= John Jenyns =

English Tory politician (d. 1717)

John Jenyns (c. 1660 – 1717), of Hayes and Bedford Row, St Andrew Holborn, Middlesex, was an English Tory politician who sat in the House of Commons from 1710 to 1717.

Jenyns was the eldest son of Roger Jenyns of Hayes and his wife Sarah Latch, daughter of Joseph Latch. He was admitted at Middle Temple in 1681. He married Jane Clitherow, the daughter of James Clitherow of Boston House by licence dated 16 February 1682. In 1687 he was admitted to Inner Temple. He succeeded his father to the manor of Hayes in 1693.

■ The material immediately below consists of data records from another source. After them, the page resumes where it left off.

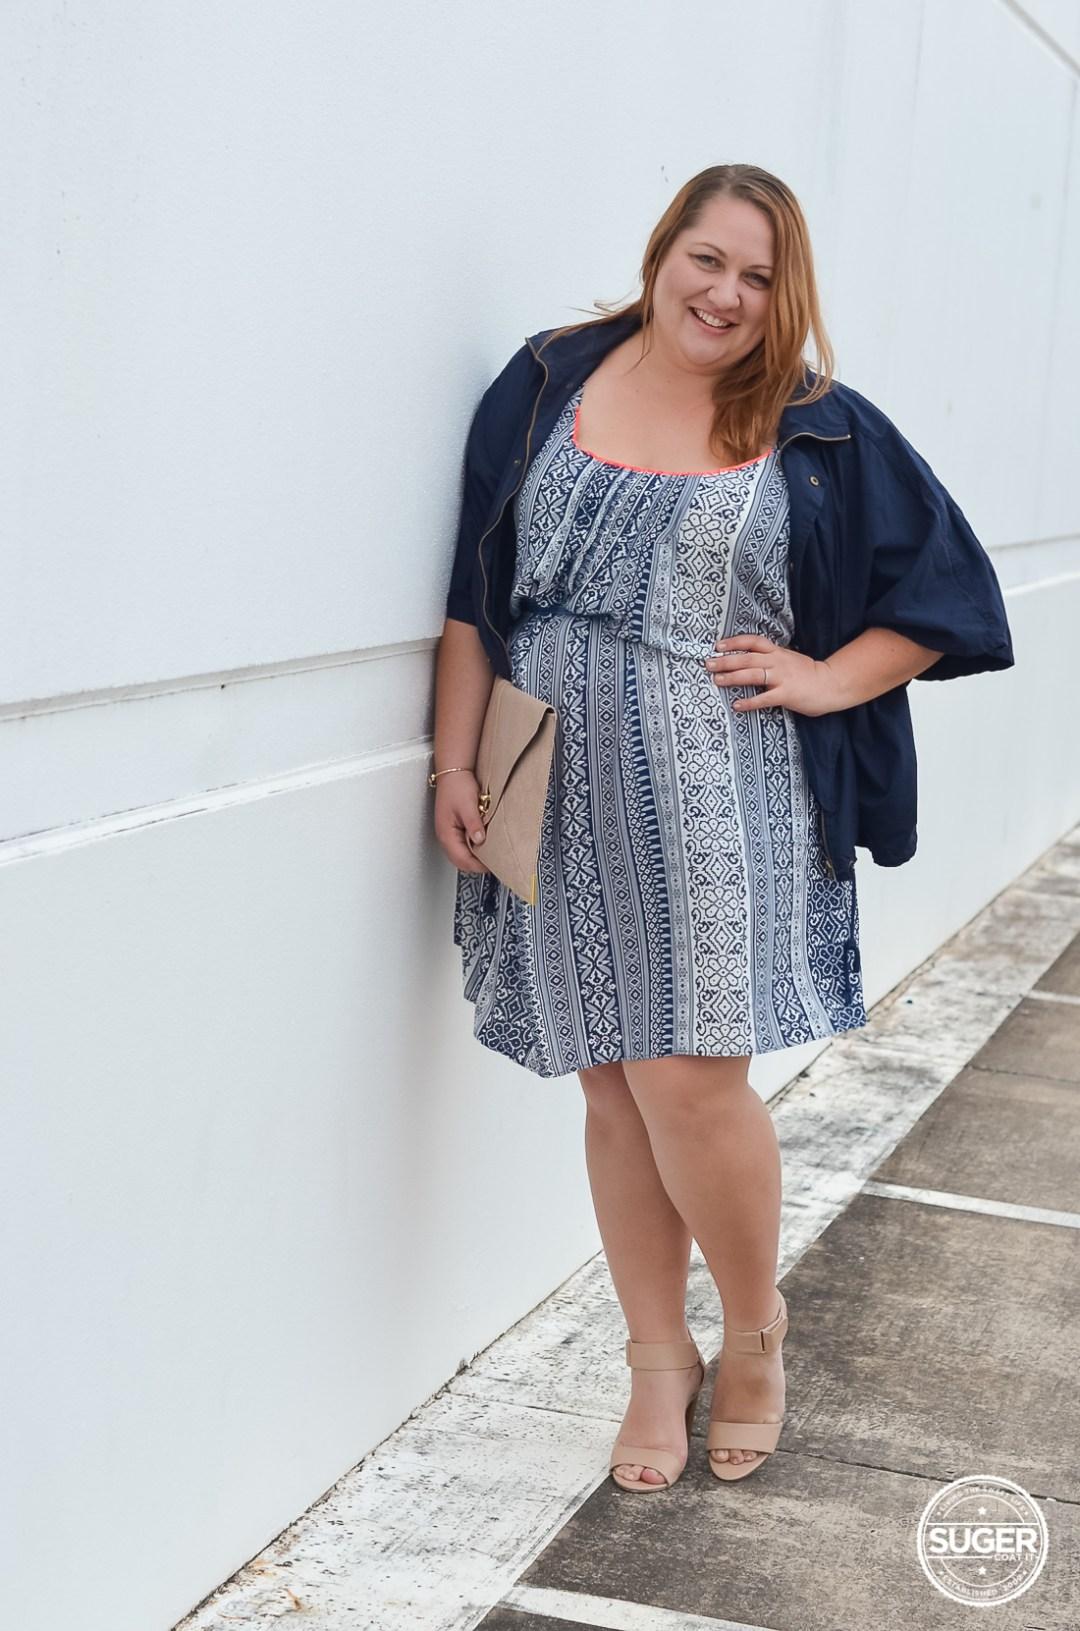 beme australia plus size fashion blogger review-10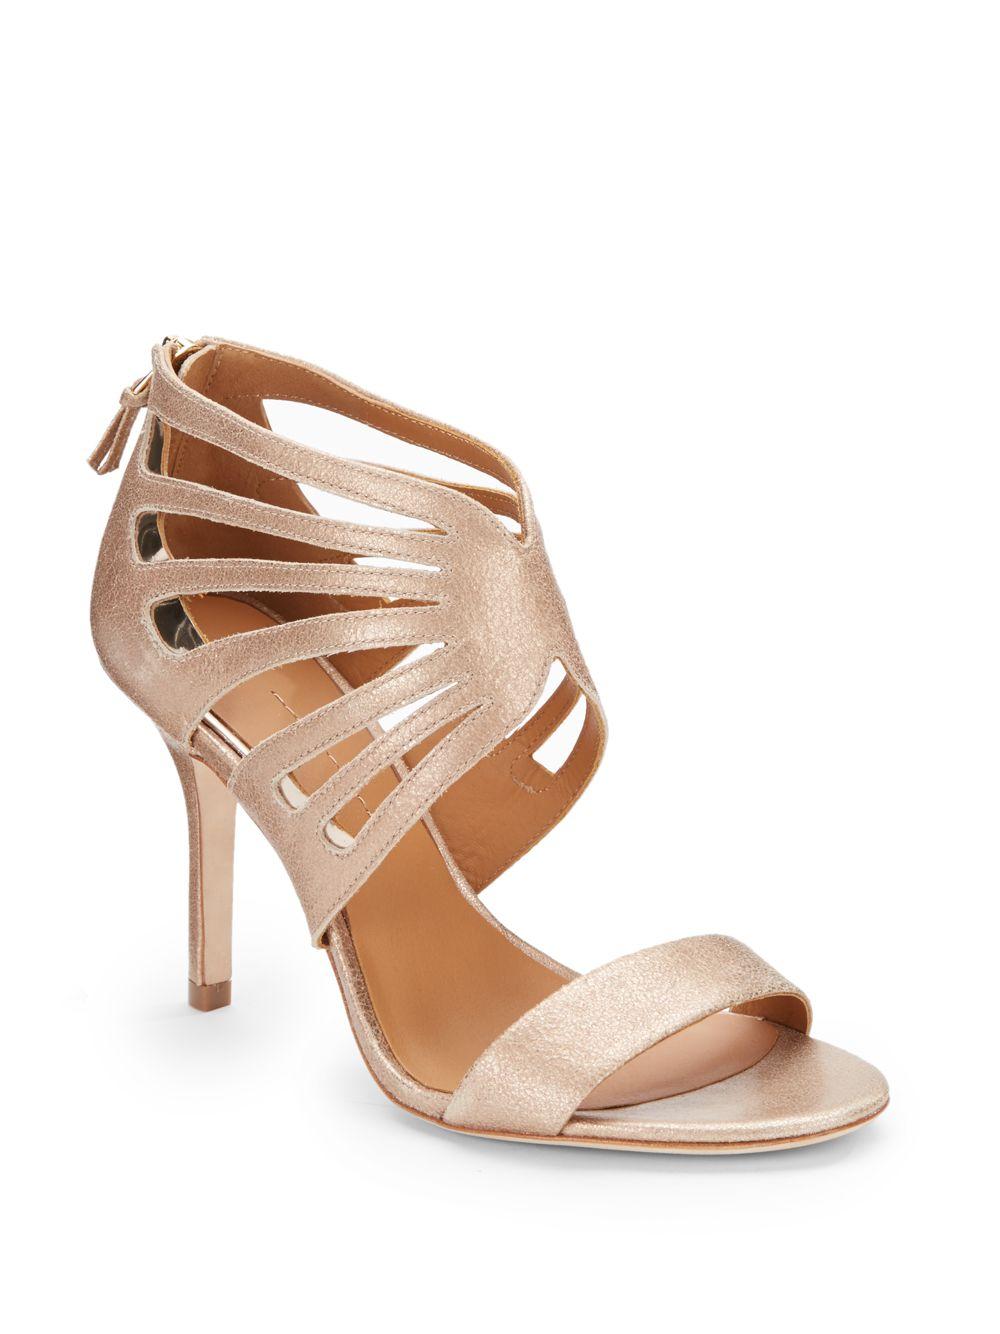 Aerin Chiara Metallic Leather Sandals In Gold Gold Blush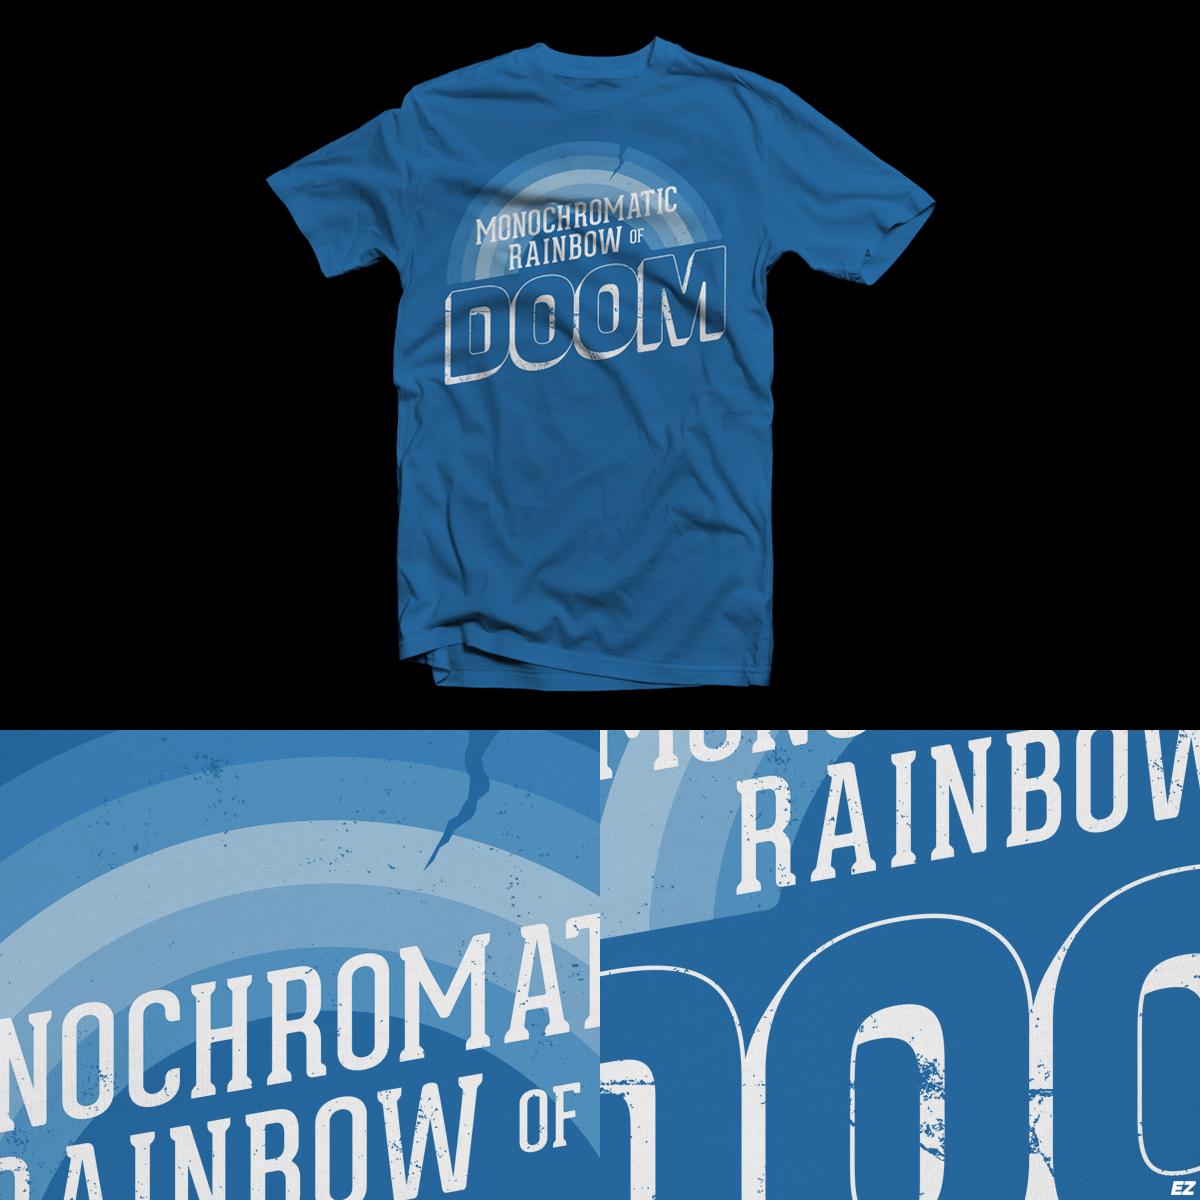 Rainbow of Doom by EZFL on Threadless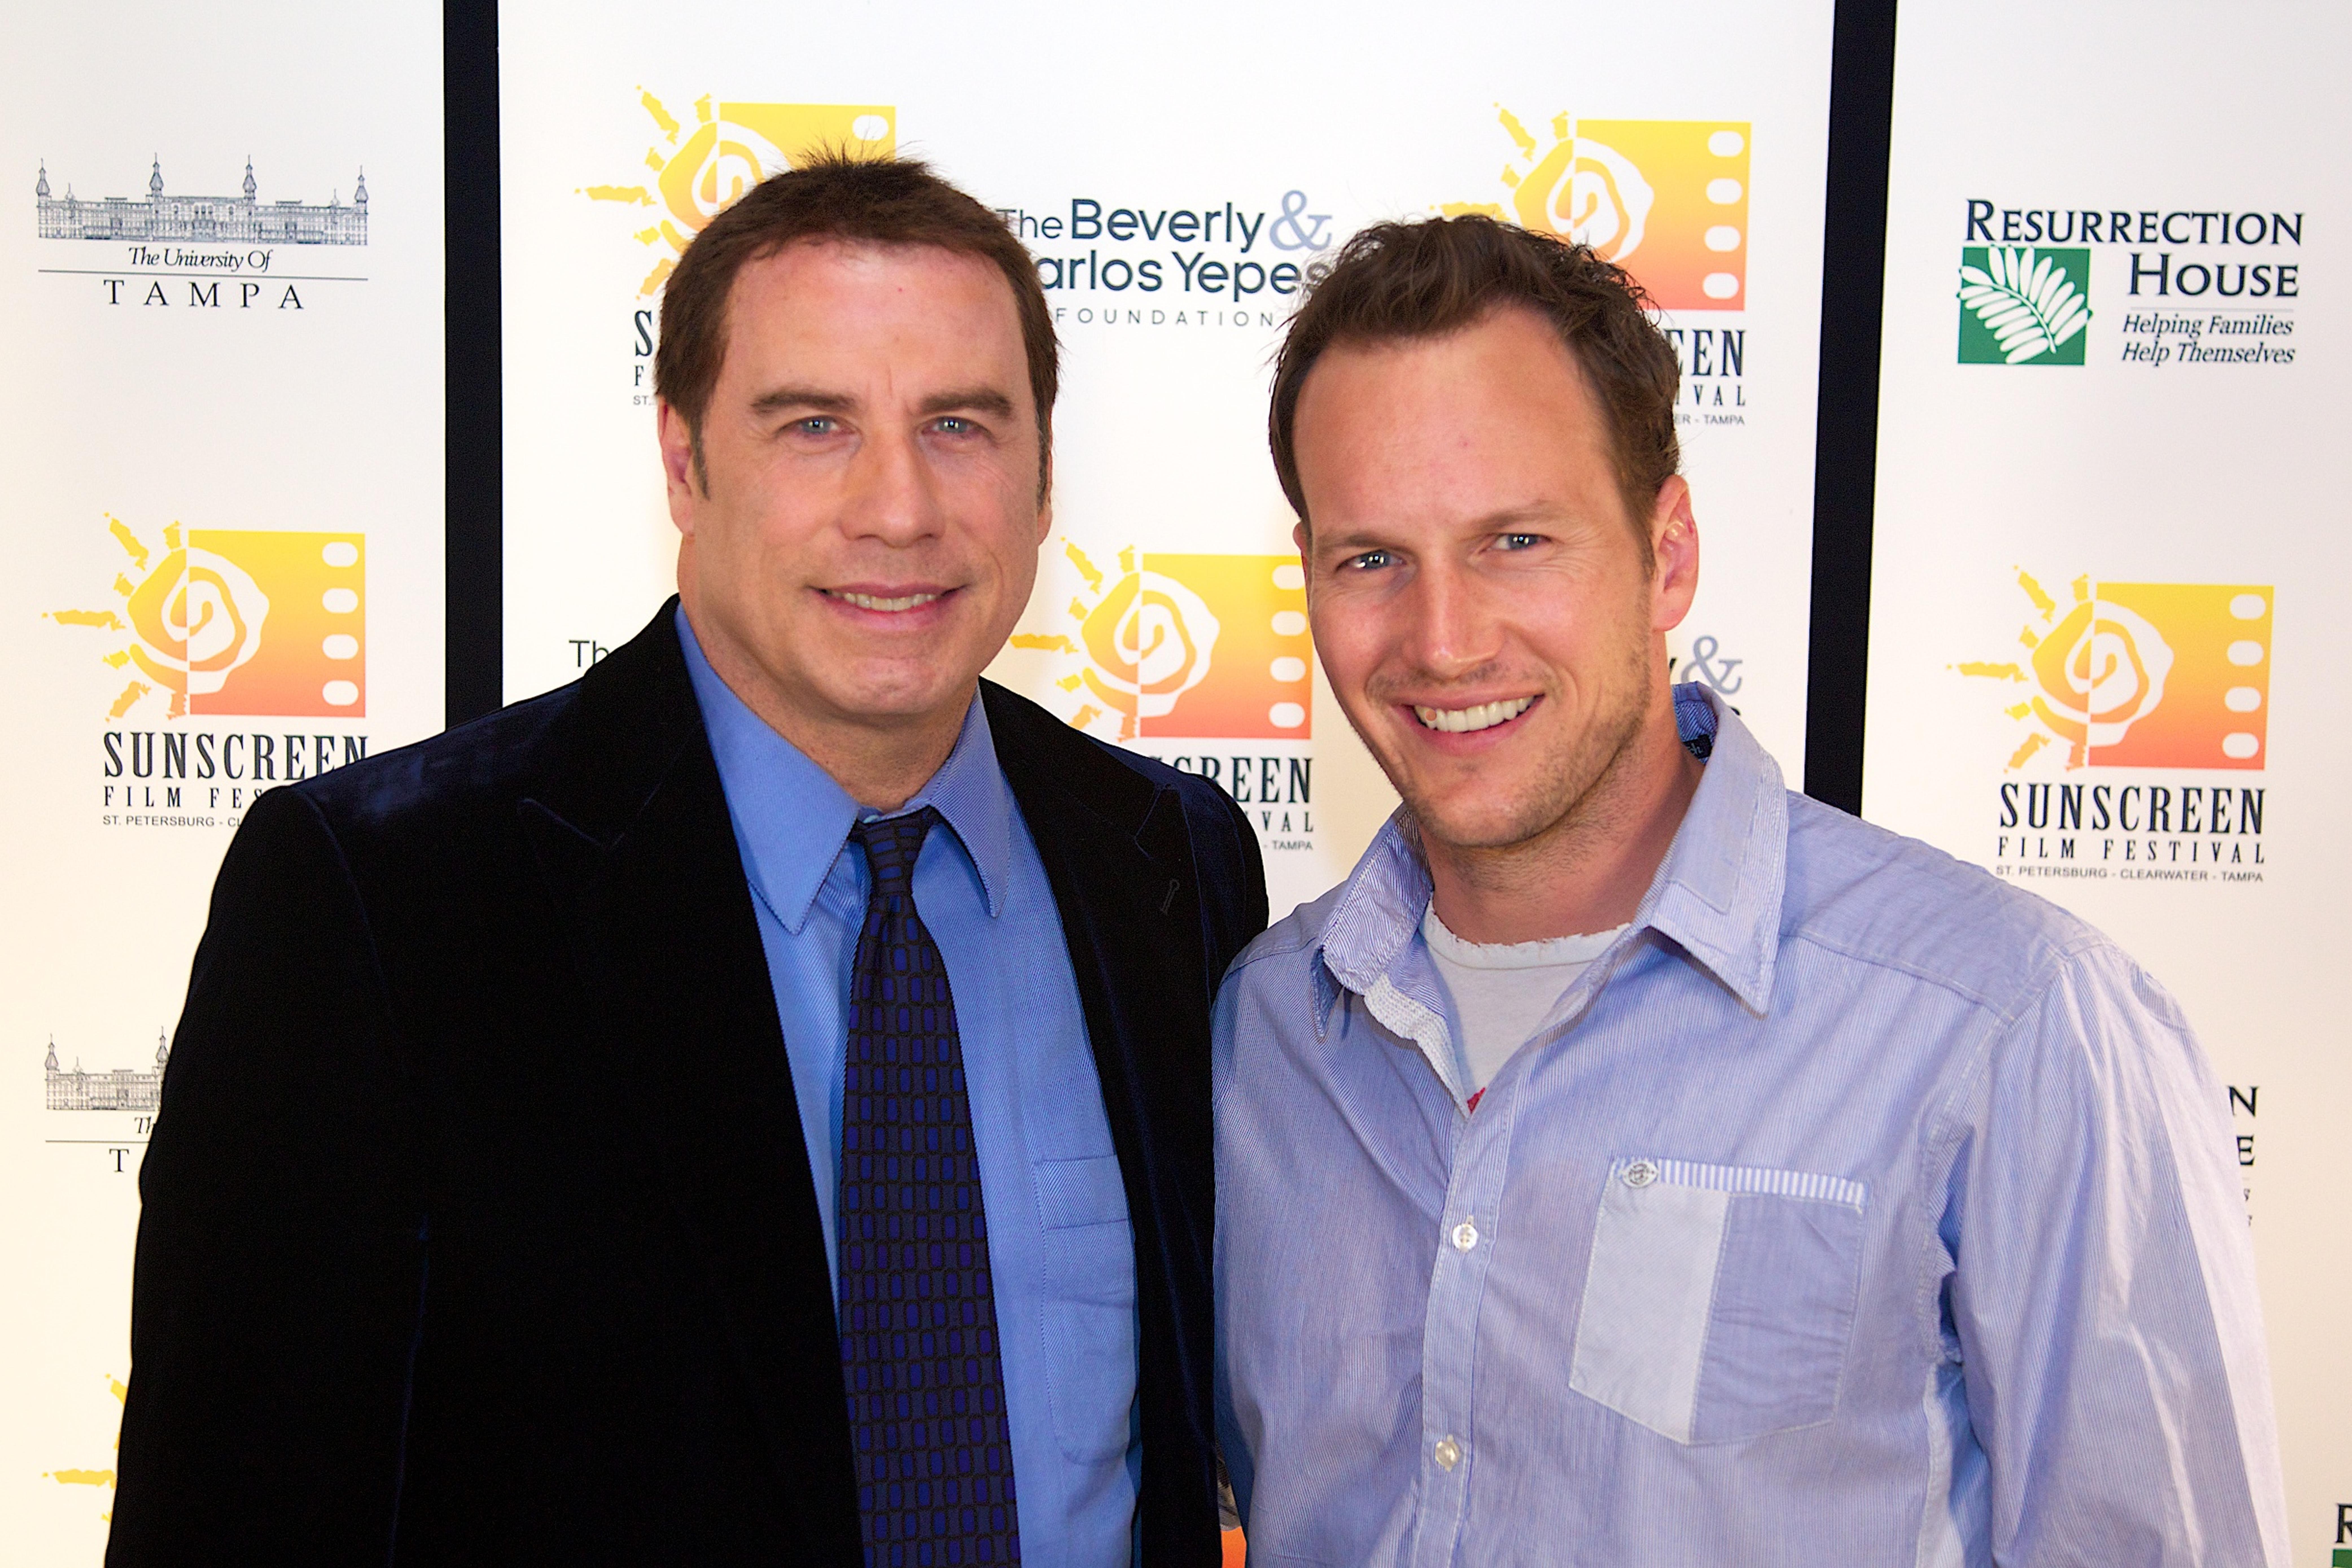 John Travolta & Patrick Wilson300dpi

Jenyns was elected a conservator of the Fen Corporation at the age of 25. He succeeded his father as Surveyor General of the Fens in 1693, a post he then held for 20 years. He acquired an estate at Donnington, Isle of Ely, but in 1702 he was still serving on the bench and in the lieutenancy for Middlesex. He was High Sheriff of Cambridgeshire and Huntingdonshire for the year 1708 to 1709. At the 1710 general election, he was elected as a Tory Member of Parliament (MP) for Cambridgeshire. He was returned unopposed for Cambridgeshire at the 1713 general election. He voted against the French commercial treaty in 1713 and against the expulsion of Richard Steele in 1714. He was re-elected MP for Cambridgeshire at the 1715 general election. In 1716 he voted against the septennial bill.

Jenyns died on 1 February 1717 and was buried in the parish church at Hayes. He had three sons, none of whom went into parliament. He was the brother of Sir Roger Jenyns.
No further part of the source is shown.